Class of steam locomotives

The London and North Eastern Railway (LNER) J94 Class is a class of steam locomotive that was formed when 75 former "Austerity" 0-6-0STs were purchased by the LNER in 1946 from the War Department.

== Overview ==
The LNER had trials with one in November 1945 and bought 75 of them in 1946, numbering them 8006-80. All entered British Railways (BR) service in 1948. BR added 60000 to their numbers so they became 68006-80, and classified them 4F.
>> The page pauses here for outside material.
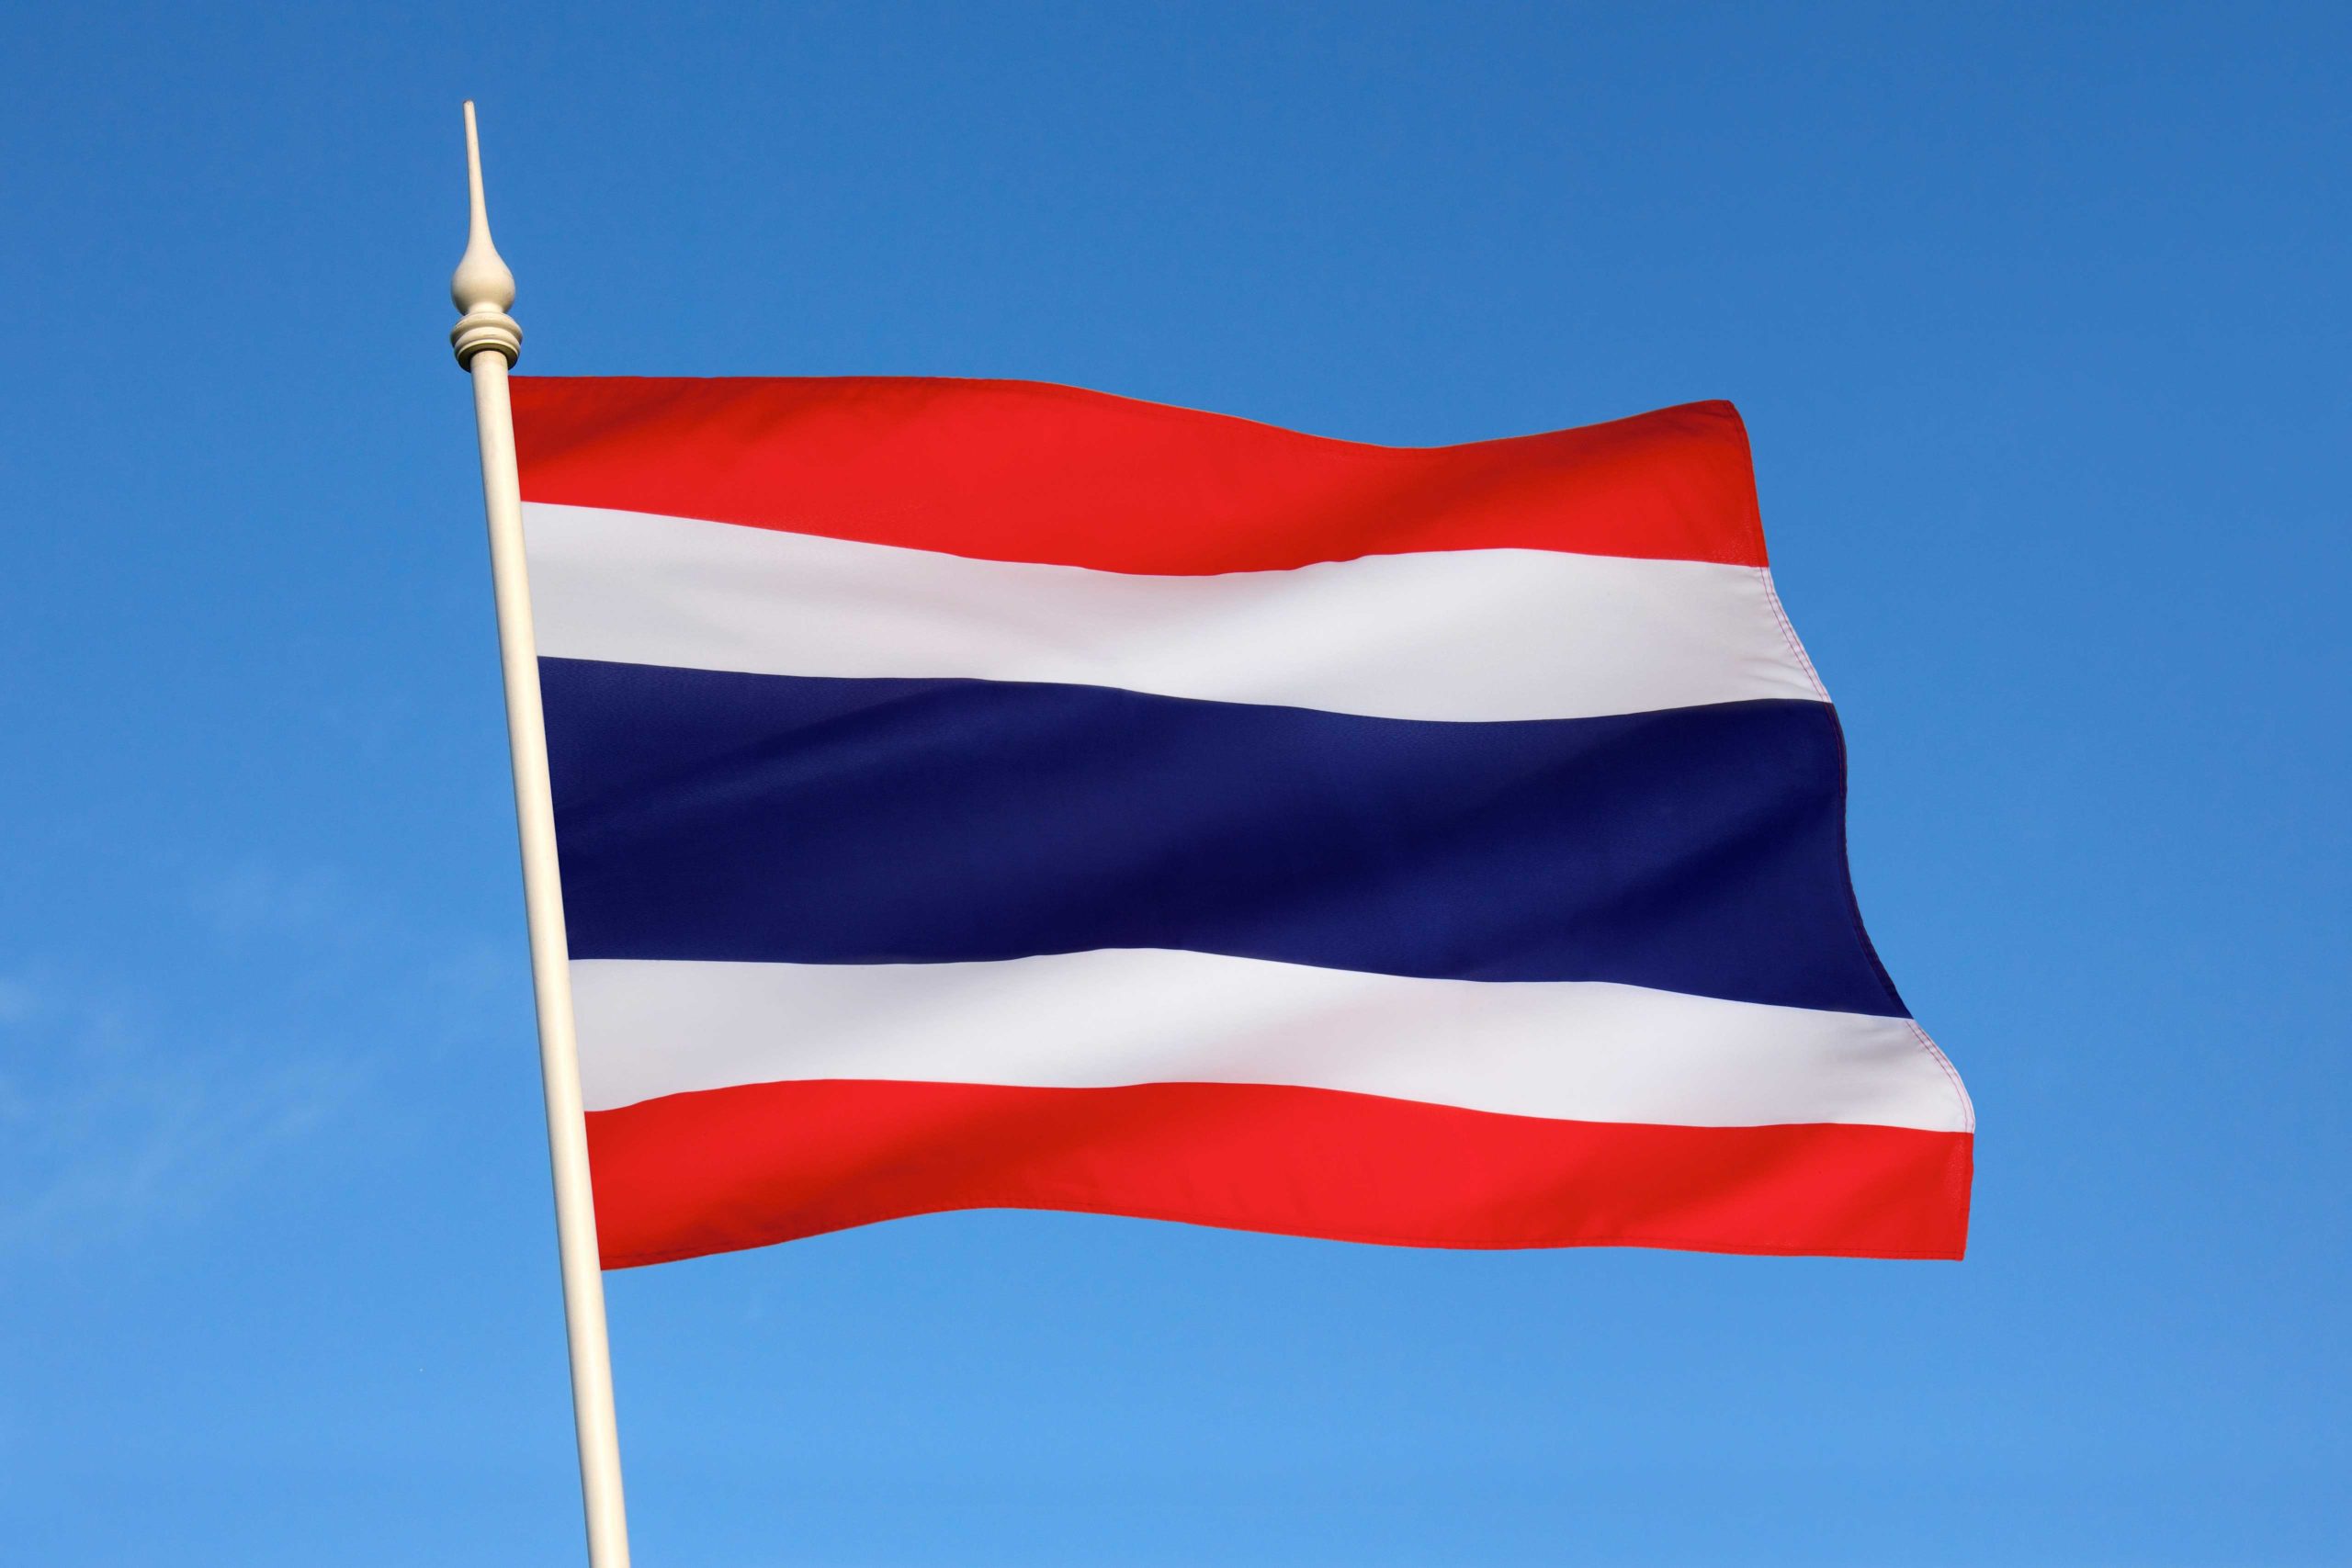 Thailand flag image

They were used for shunting in docks, and other similar work where their short wheelbase meant they could negotiate sharp curves. They were used on the Cromford and High Peak Railway in Derbyshire, where they displaced the ex-North London Railway Class 75 class 2F s.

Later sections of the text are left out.